Chapter 2 Introduction to Data
Scientists seek to answer questions using rigorous methods and careful observations. These observations – collected from the likes of field notes, surveys, and experiments – form the backbone of a statistical investigation and are called data. Statistics is the study of how best to collect, analyse, and draw conclusions from data. It is helpful to put statistics in the context of a general process of investigation:
- Identify a question or problem.
- Collect relevant data on the topic.
- Analyse the data.
- Form a conclusion.
Statistics as a subject focuses on making stages 2-4 objective, rigorous, and efficient. That is, statistics has three primary components: How best can we collect data? How should it be analysed? And what can we infer from the analysis?
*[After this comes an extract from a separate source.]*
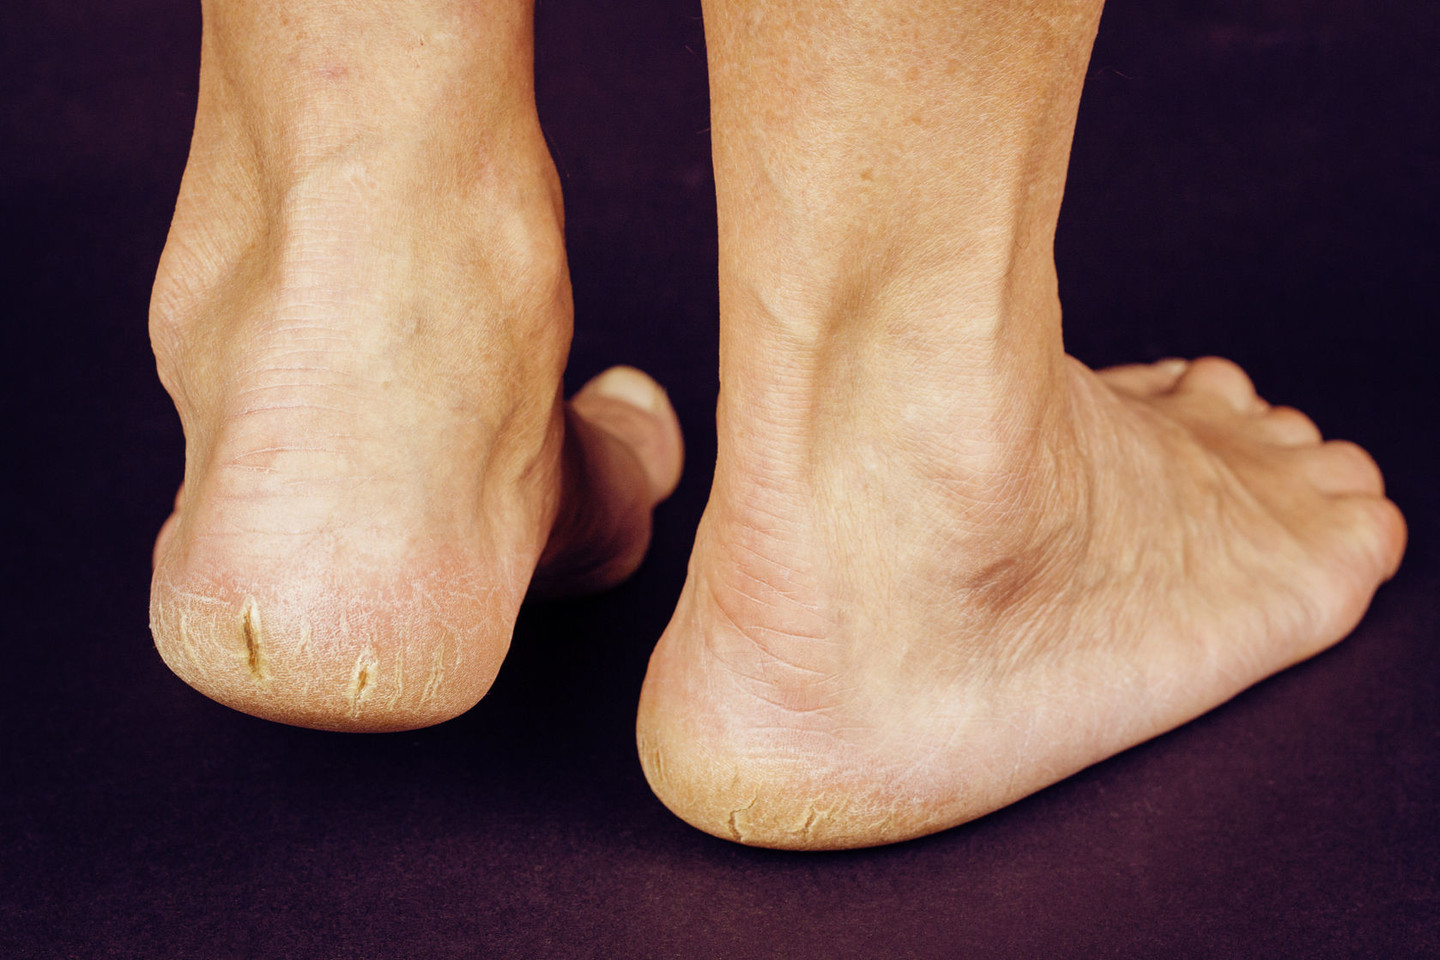  Tinkamai neprižiūrima pėdų oda tampa lengviau pažeidžiama grybelinės infekcijos.<br> 123rf.com nuotr.
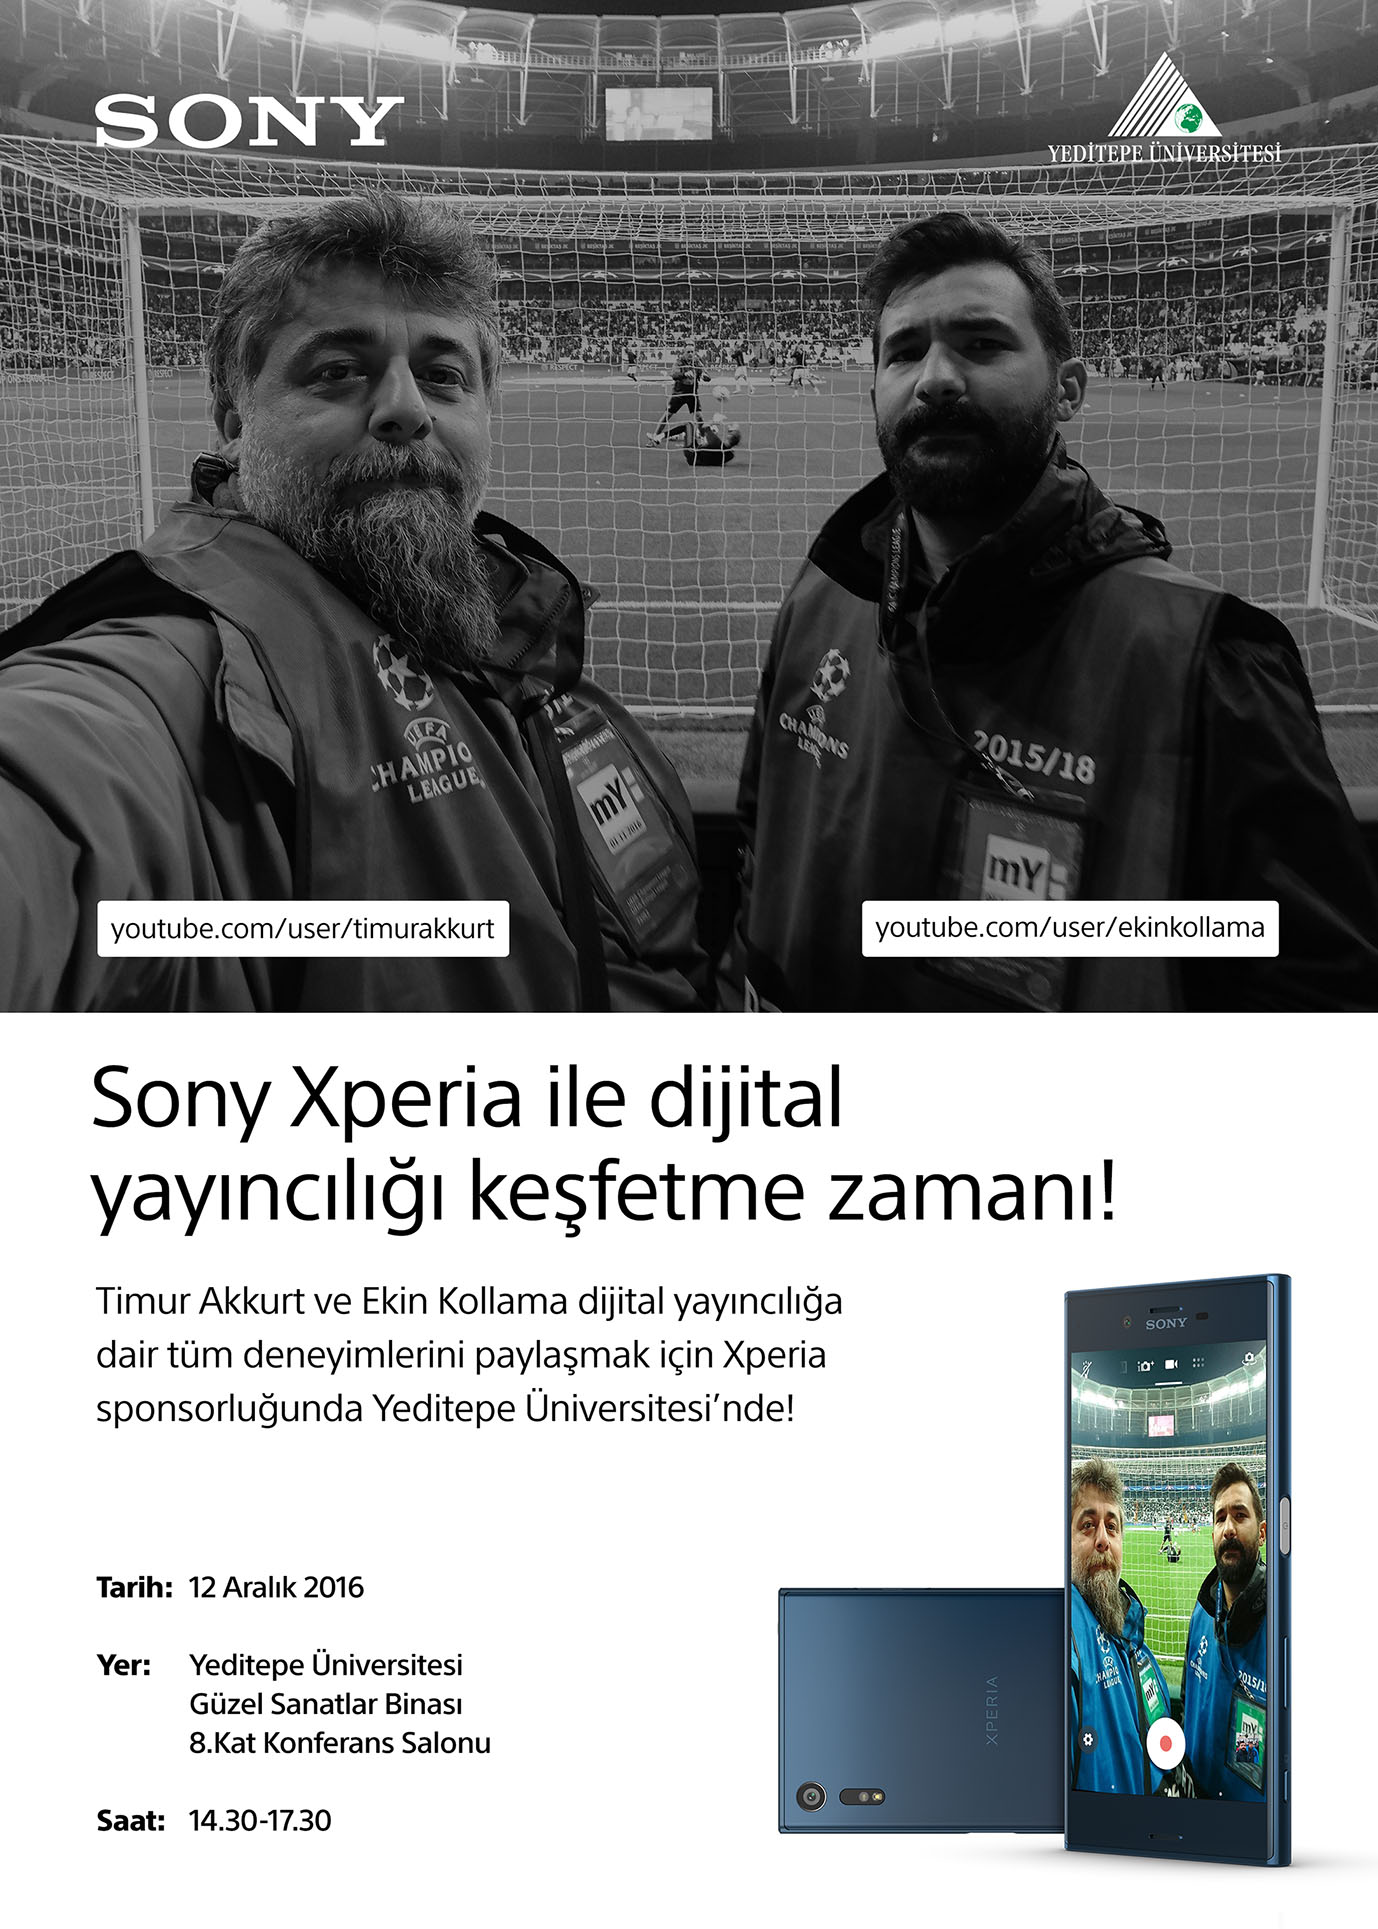 Sony Xperia ile Dijital Yayıncılığı Keşfetme Zamanı

The topics scientists investigate are as diverse as the questions they ask. However, many of these investigations can be addressed with a small number of data collection techniques, analytic tools, and fundamental concepts in statistical inference. This chapter provides a glimpse into these and other themes we will encounter throughout the rest of the book. We introduce the basic principles of each branch and learn some tools along the way. We will encounter applications from other fields, some of which are not typically associated with science but nonetheless can benefit from statistical study.
2.1 Case Study: Using stents to prevent strokes
This section introduces a classic challenge in statistics: evaluating the efficacy of a medical treatment. Terms in this section, and indeed much of this chapter, will all be revisited later in the text. The plan for now is simply to get a sense of the role statistics can play in practice.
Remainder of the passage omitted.